Choosing the Analytical Engine

All Microsoft Fabric roads lead to OneLake! You’ve already learned that mantra. However, which road is right for you? Should you pick a lakehouse, a warehouse, or maybe an eventhouse for storing your data in OneLake? There are numerous factors to take into account, so let’s explore three that I consider most relevant: data volume, supported data formats, and supported programming languages.

Data volume

Let’s first talk about the data volume. Although there is no single number that differentiates small and big data, and you’ll probably find dozens of opinions in the various resources on the web or books, we often refer to big data as an extremely large and diverse collection of data that continuously grows over time. However, for the sake of setting boundaries when making decisions, we will consider big data anything above 5 TB of stored data, and 100+ GB of ingested data per day.

When choosing the optimal analytical engine in Microsoft Fabric, there is no such thing as the minimum amount of data suitable for a warehouse versus a lakehouse, or vice versa. In theory, you can store only a few records of data in any of the analytical stores in Fabric, but you’ll start reaping the benefits of Massively Parallel Processing (MPP) architectures, which are implemented in both Fabric lakehouse and Fabric warehouse, with large amounts of data only.

Explaining the details about MPP is beyond the scope of this article, but you can find more details here.

To wrap up – data volume shouldn’t be a determining factor when deciding which analytical engine to use, as each lakehouse, warehouse, and eventhouse, scales to support petabytes of data if necessary.

Supported data formats

When choosing a storage option in OneLake, you’ll need to first consider the data format. The table you see depicts supported data formats in the three Fabric analytical storages.

As you can see, both lakehouse and eventhouse support all data formats. So, the fair question would be: when should I use a lakehouse over an eventhouse?

The short answer is: whenever you need to handle any type of streaming, or event-based data, choose an eventhouse. A few examples of event-based data are: telemetry and log data, time series, data collected from IoT devices, etc.

Of course, the long answer to the question about Lakehouse vs. Eventhouse is more nuanced and depends on numerous factors, such as:

Using data downstream – For example, if you are using Direct Lake mode for Power BI semantic models, data must be available in Delta format, which is not the case in the eventhouse (unless you enable the Eventhouse OneLake Availability feature)
Optimizing storage cost – Generally speaking, storage is more expensive for eventhouse than for lakehouse, since eventhouses use OneLake Cache Storage to provide the fastest query response times at an additional cost, as described here. A point worth mentioning is that when you set the caching policy to move the data to cold storage in the eventhouse, it’s billed the same as regular OneLake storage.

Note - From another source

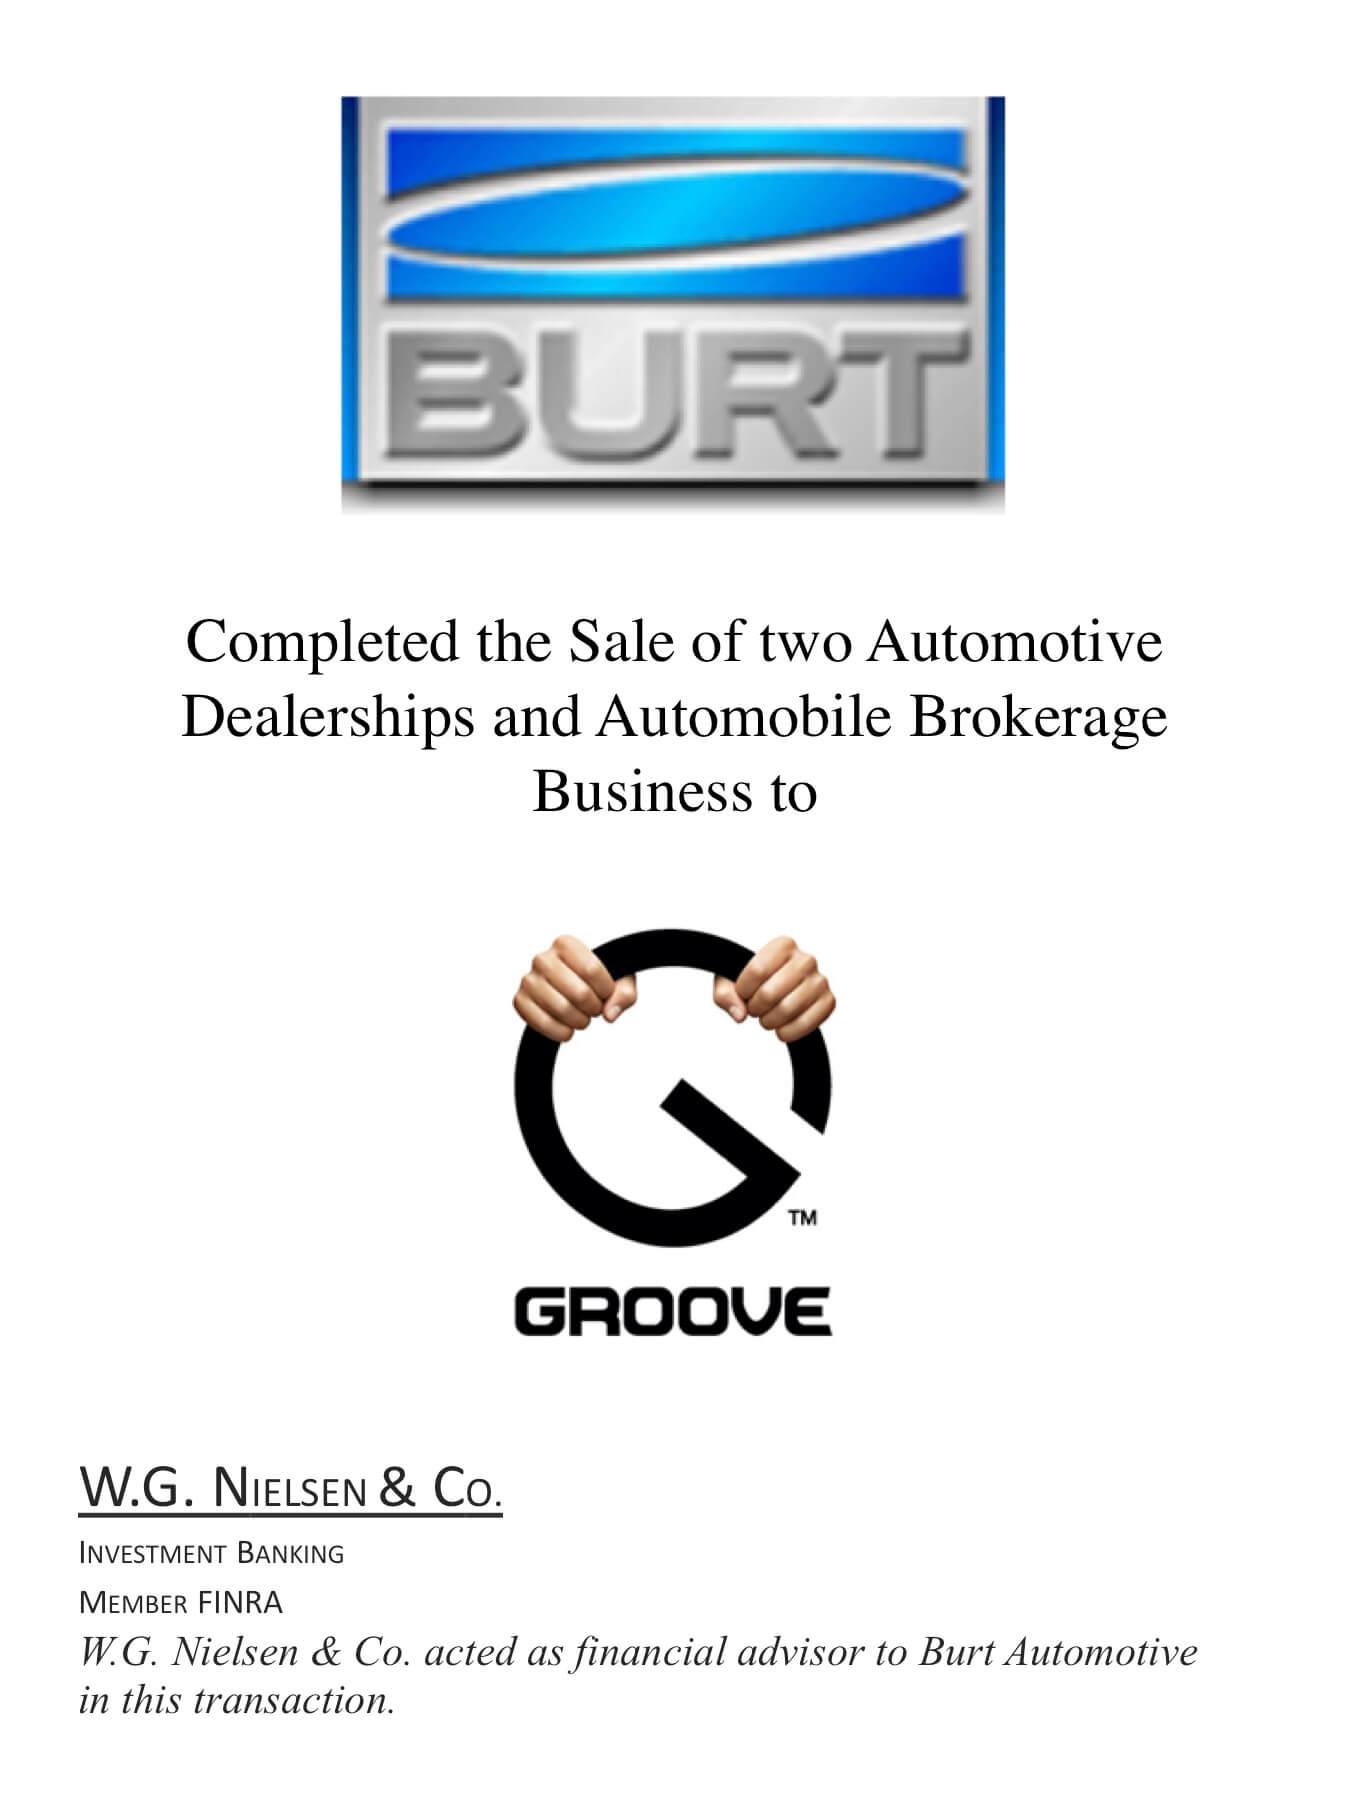 burt investment banking transaction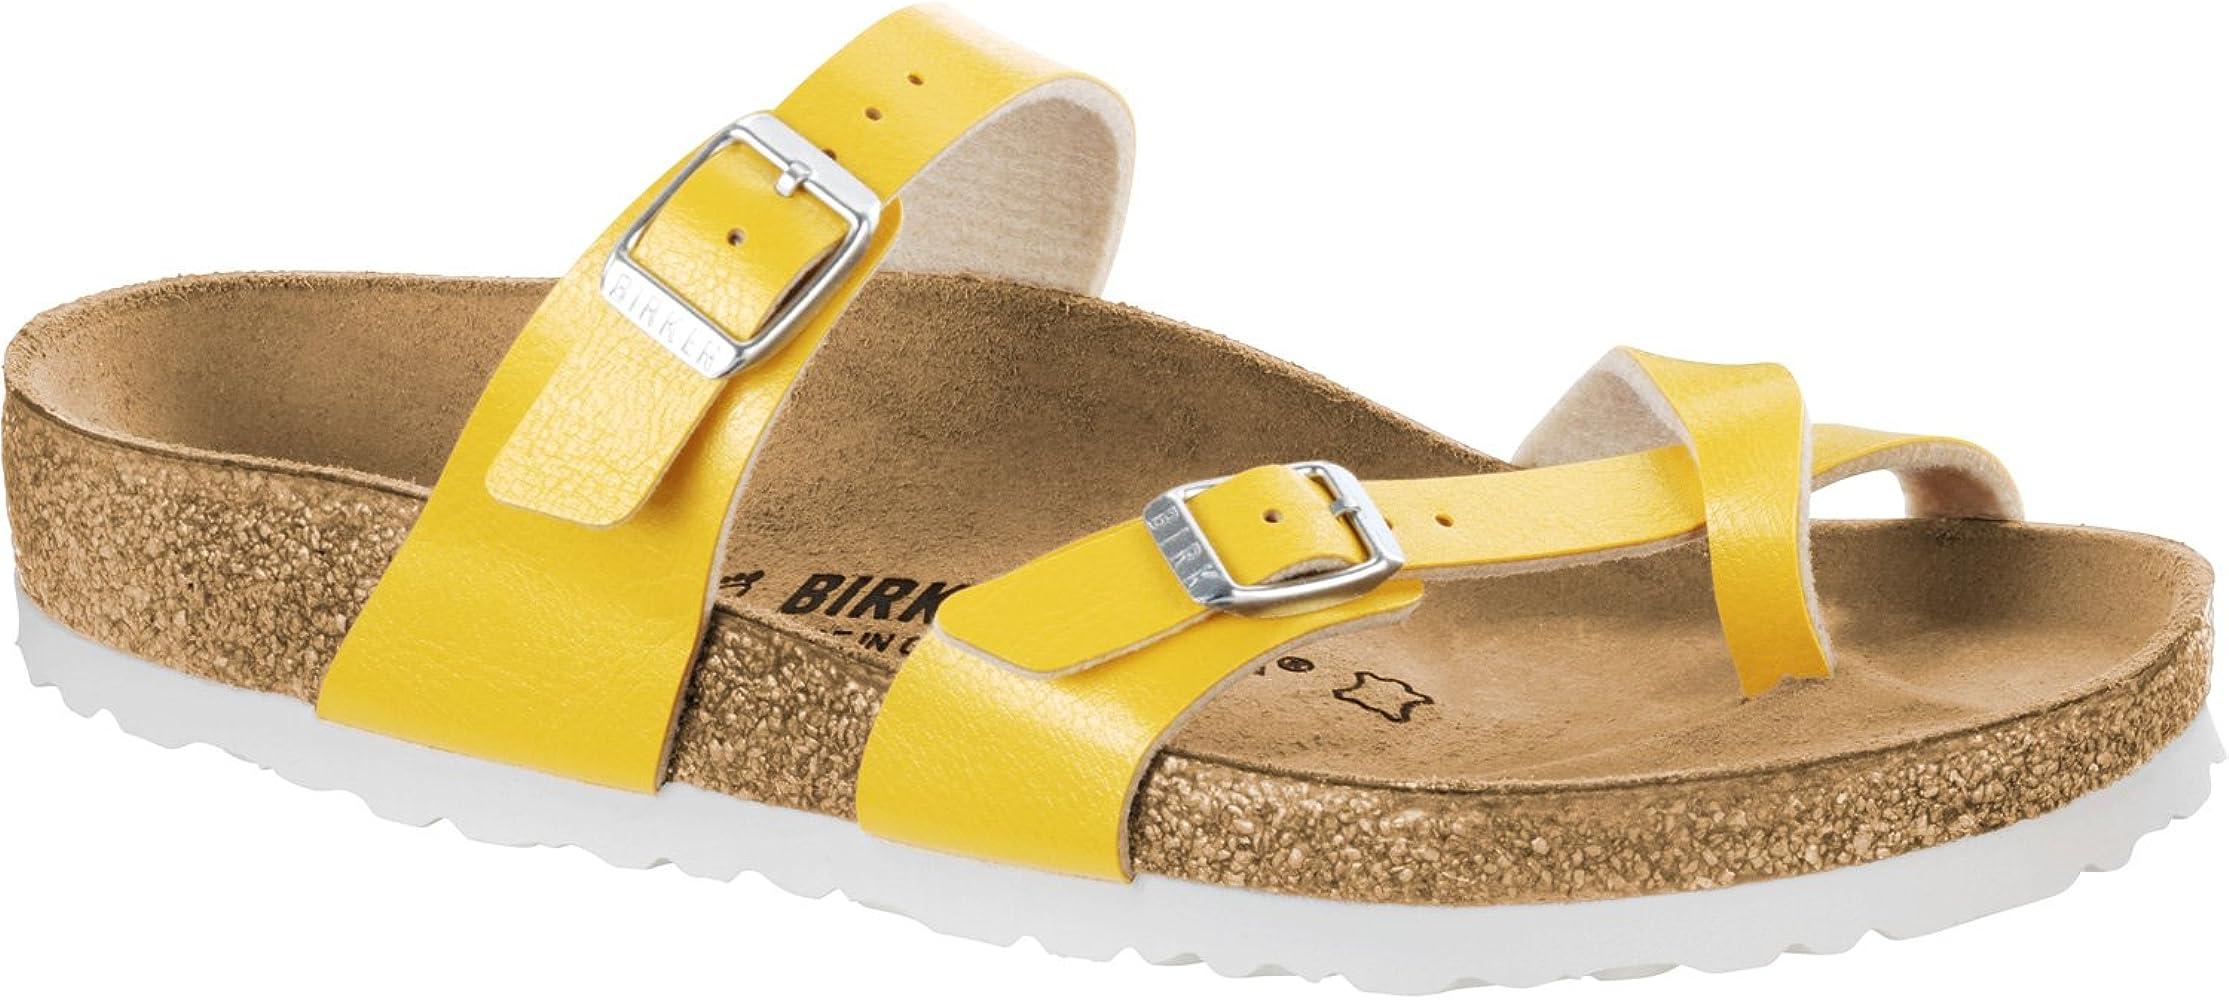 27b892667 Birkenstock Mayari BF W thong sandals amber yellow: Amazon.co.uk ...

Hence, only keeping the data in the hot cache (which improves the query performance) will cost you more
Processing streaming data – Eventhouse is optimized for processing streaming data (indexing and partitioning happen automatically), whereas processing streaming data using a lakehouse will force the creation of multiple small parquet files that must be vacuumed and optimized later, which can lead to increased capacity unit consumption. Explaining the vacuum and optimize operations is out of the scope of this article, but you can read more about it here

Supported programming languages

Let’s now examine how supported programming languages might affect the storage choice. This is undoubtedly one of the key factors when making a decision, not only about the analytical engine, but also when designing the entire Fabric architecture. The reason is obvious – let’s imagine that the entire data team in your organization consists of hard-core T-SQL developers. Would you force them to learn another programming language (Python, for example)? Or would you rather choose a Fabric component that plays to their strength?

The following table shows supported programming languages for both read and write operations.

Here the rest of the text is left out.